Start of Data block

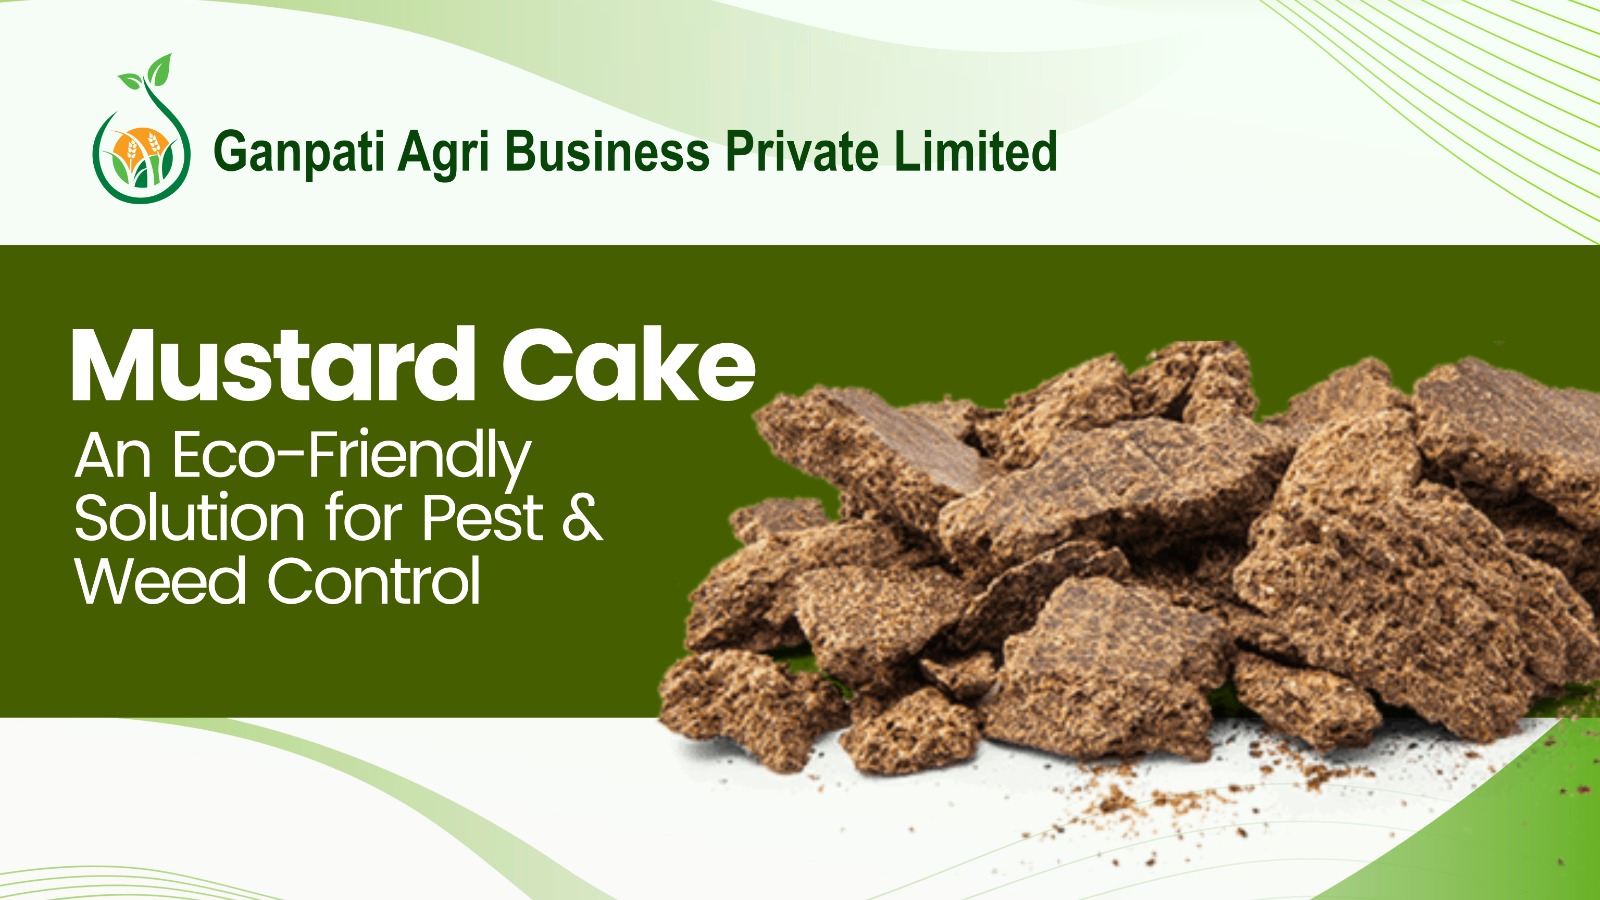 Mustard Cake: An Eco-Friendly Solution for Pest & Weed Control
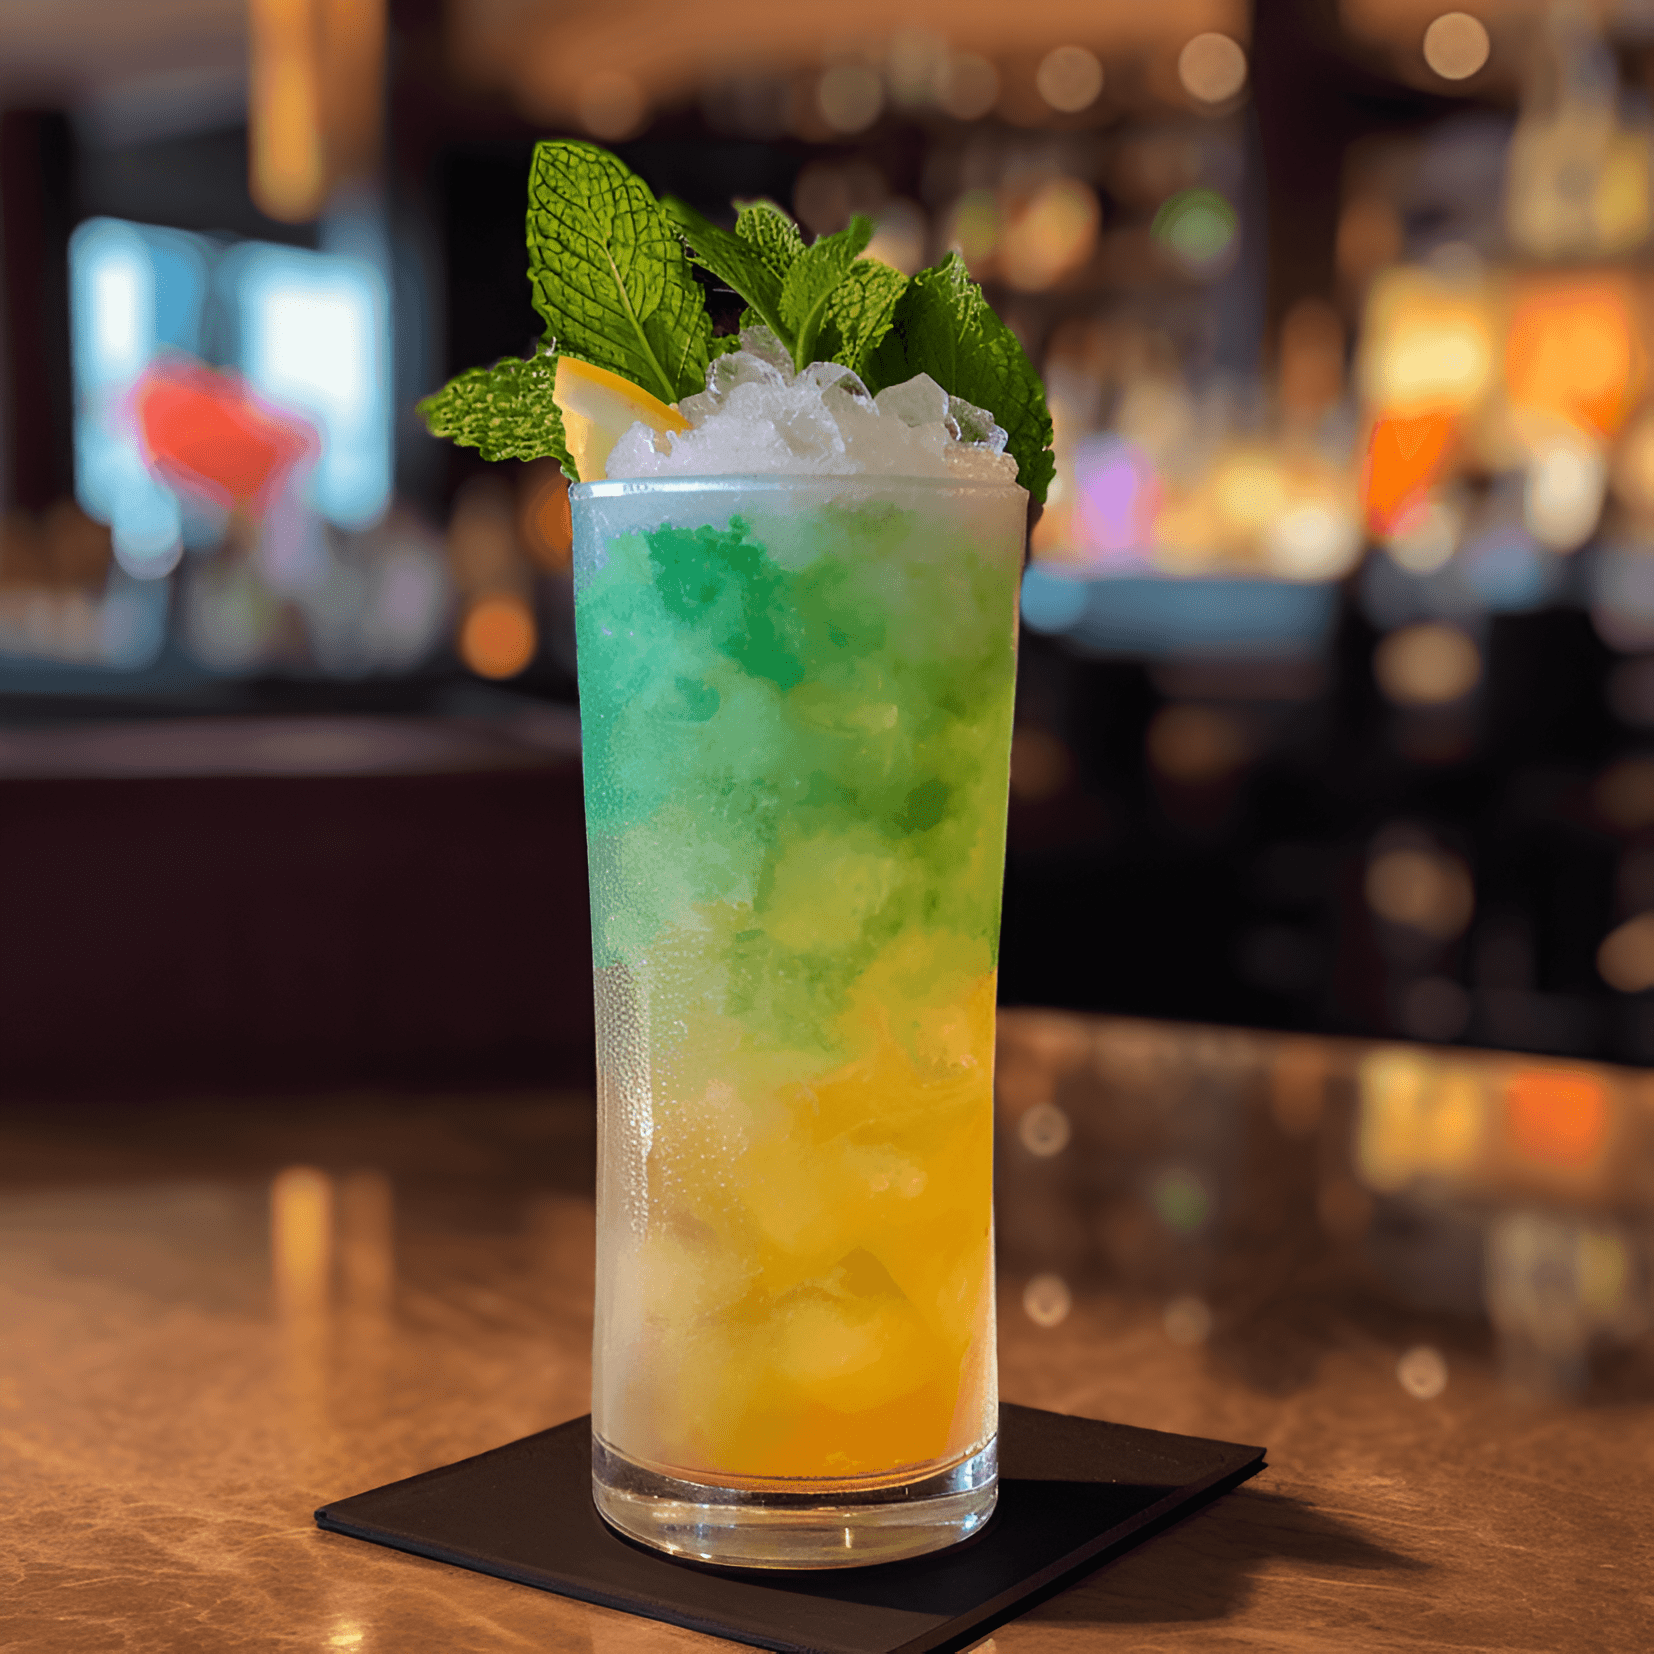 Royal Bermuda Cocktail Recipe - The Royal Bermuda Cocktail is a well-balanced, refreshing, and slightly sweet drink with a hint of tartness. The combination of rum, lime, and falernum creates a smooth and tropical flavor profile, while the bitters add a touch of complexity.
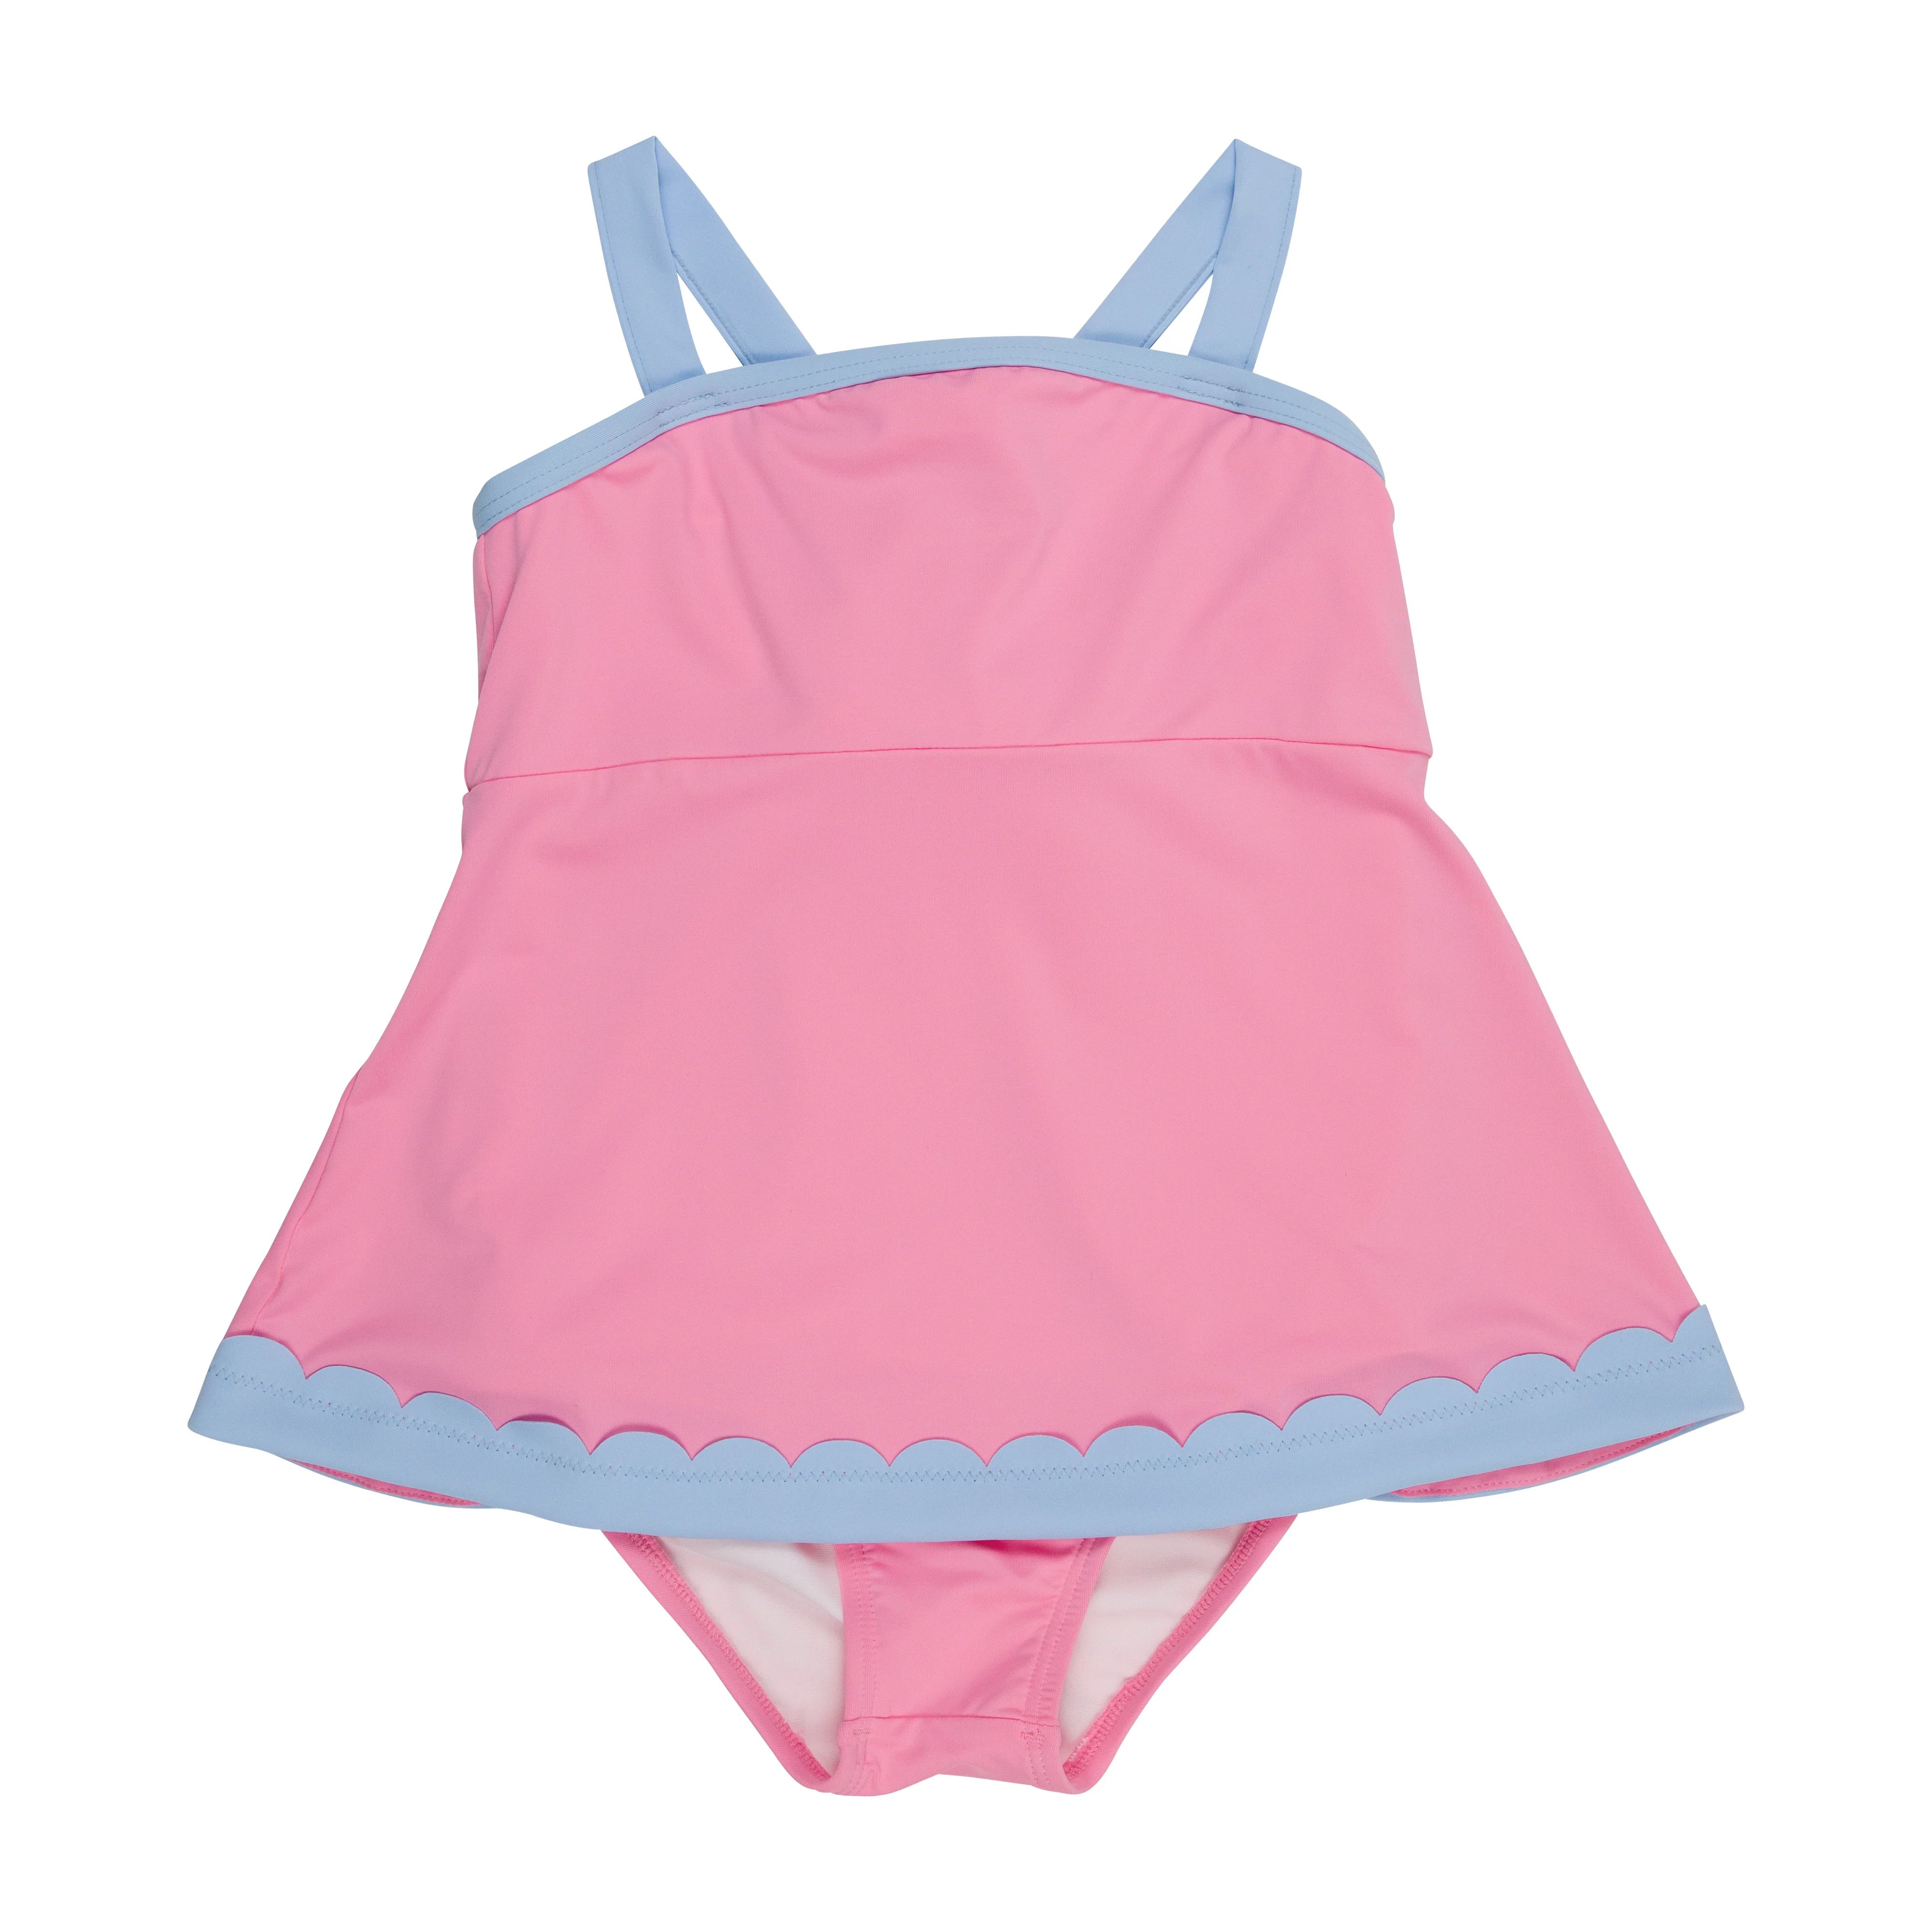 Sanctuary Scallop Swimsuit - Hamptons Hot Pink with Beale Street Blue & Worth Avenue White | The Beaufort Bonnet Company

End of Data block

▶ _What to produce_: When copying, output the data exactly and leave out the pictures.

▶ _Finished task_:
 Mustard Cake: An Eco-Friendly Solution for Pest & Weed Control
 Royal Bermuda Cocktail Recipe - The Royal Bermuda Cocktail is a well-balanced, refreshing, and slightly sweet drink with a hint of tartness. The combination of rum, lime, and falernum creates a smooth and tropical flavor profile, while the bitters add a touch of complexity.
 Sanctuary Scallop Swimsuit - Hamptons Hot Pink with Beale Street Blue & Worth Avenue White | The Beaufort Bonnet Company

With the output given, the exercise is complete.